The themes of the research projects are, at this stage, completely open for discussion. “Again, the diabetes study is a good example,” says Dr Bianco. “They have a simple biological question – what genes predispose to type 1 diabetes – and they are using several different approaches to find the answers. But we have no preconceived ideas about the biological questions the collaborators could address – there are so many exciting areas in human biology, infectious diseases or neuroscience that are just ripe for analysis.” With a budget of £30 million, the Trust expects to fund three to five thematic functional genomics projects over five years. “The number of projects is not set in stone at this stage, but this shows the scale and scope of the research projects we’re looking for and the extent of the backing that we can give them,” says Dr Bianco. “The criteria for success will be whether the proposals are ambitious yet realistic, and how far down the line they can take a research field forward – both in terms of biology and of technology – and really make an impact.”

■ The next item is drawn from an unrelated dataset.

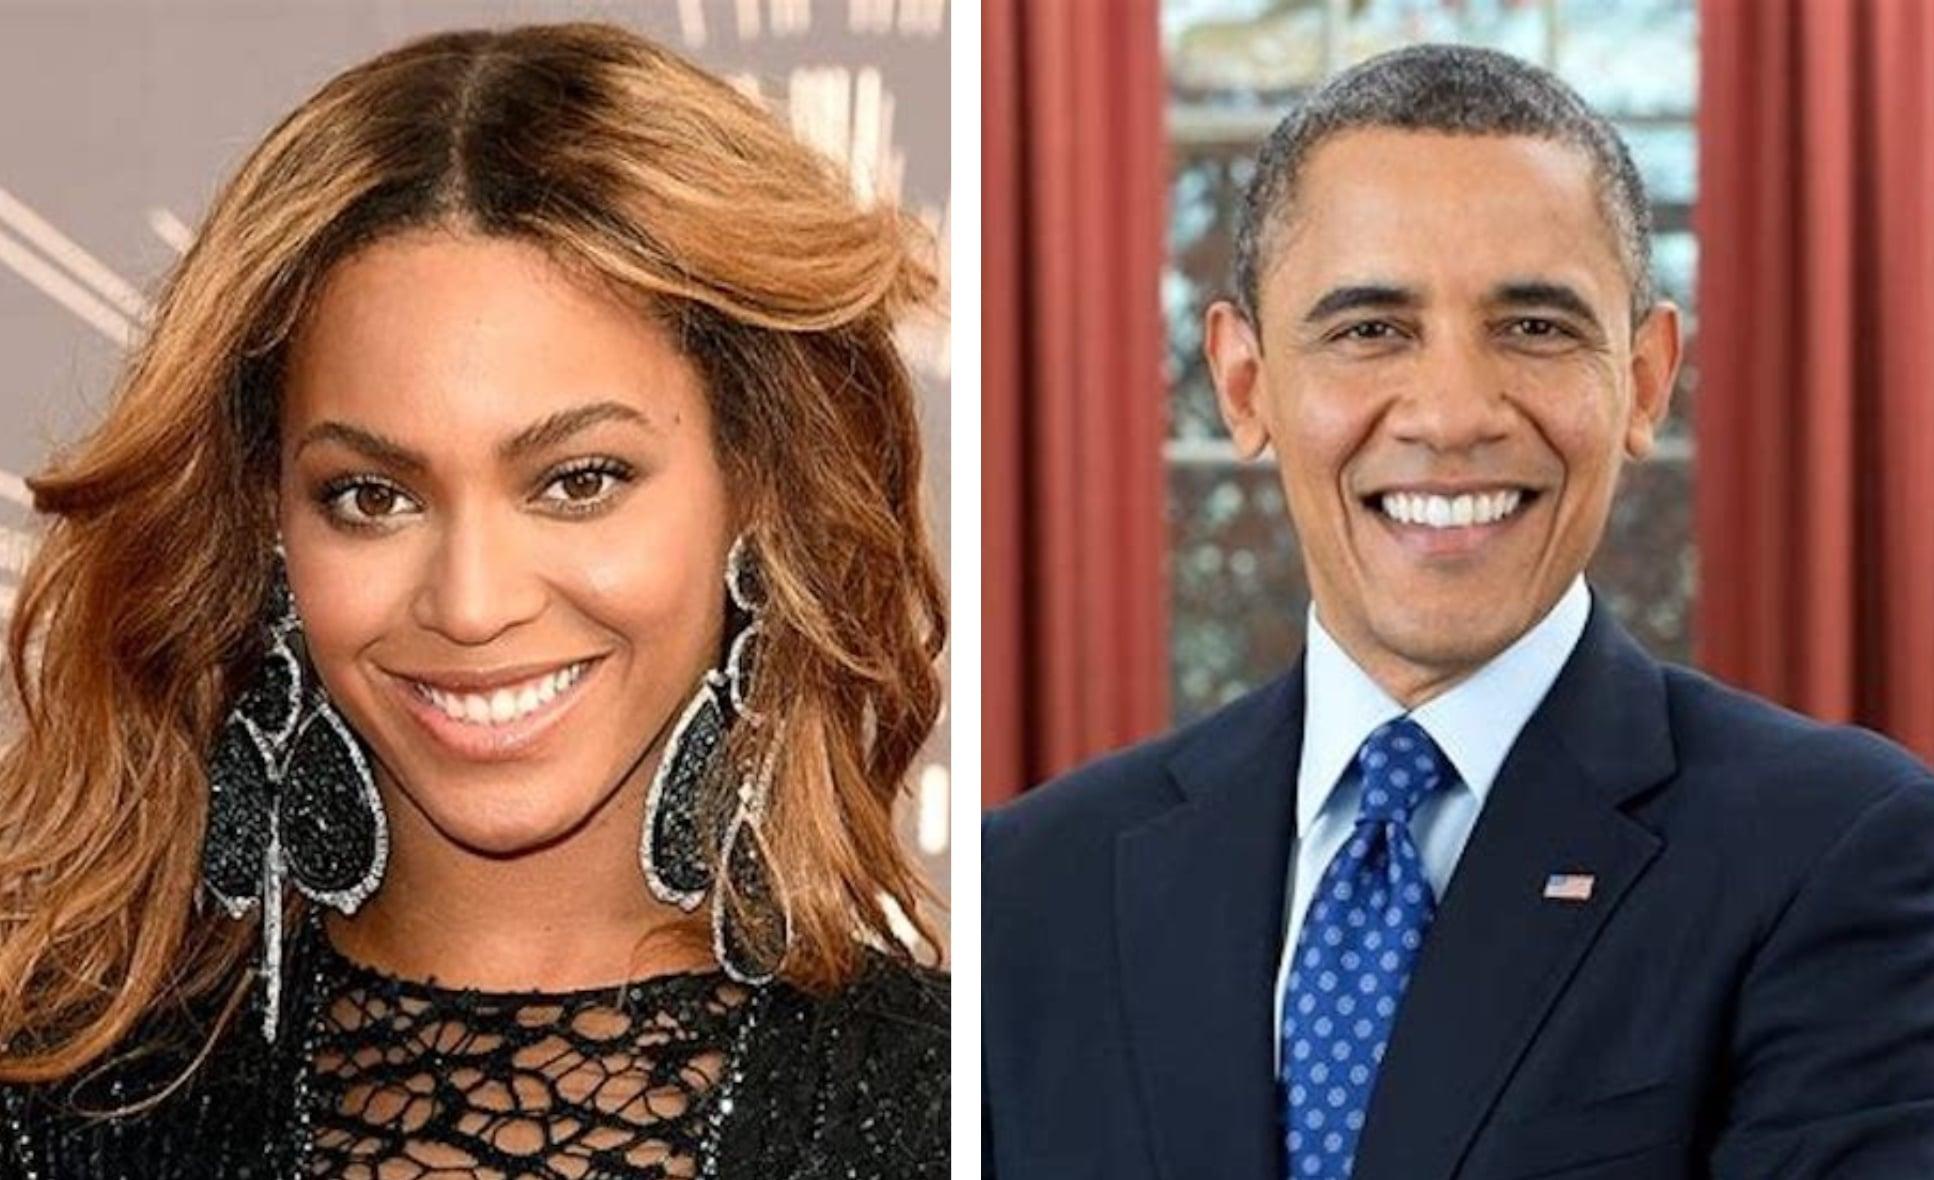 Ces célébrités ont du sang royal dans leurs veines !

Functional genomics refers to the high-throughput analysis of the function of hundreds or thousands of genes at once. It encompasses several other ‘-omics’ (see below), as well as the development of software tools to handle and interpret the collossal amounts of data generated by such experiments (bioinformatics).
The goal of structural genomics is to determine the structure of most or all proteins encoded by a genome. Structures canprovide important clues to function, and provide an opportunity for rational drug design based on an understanding of a protein’s 3D shape and function.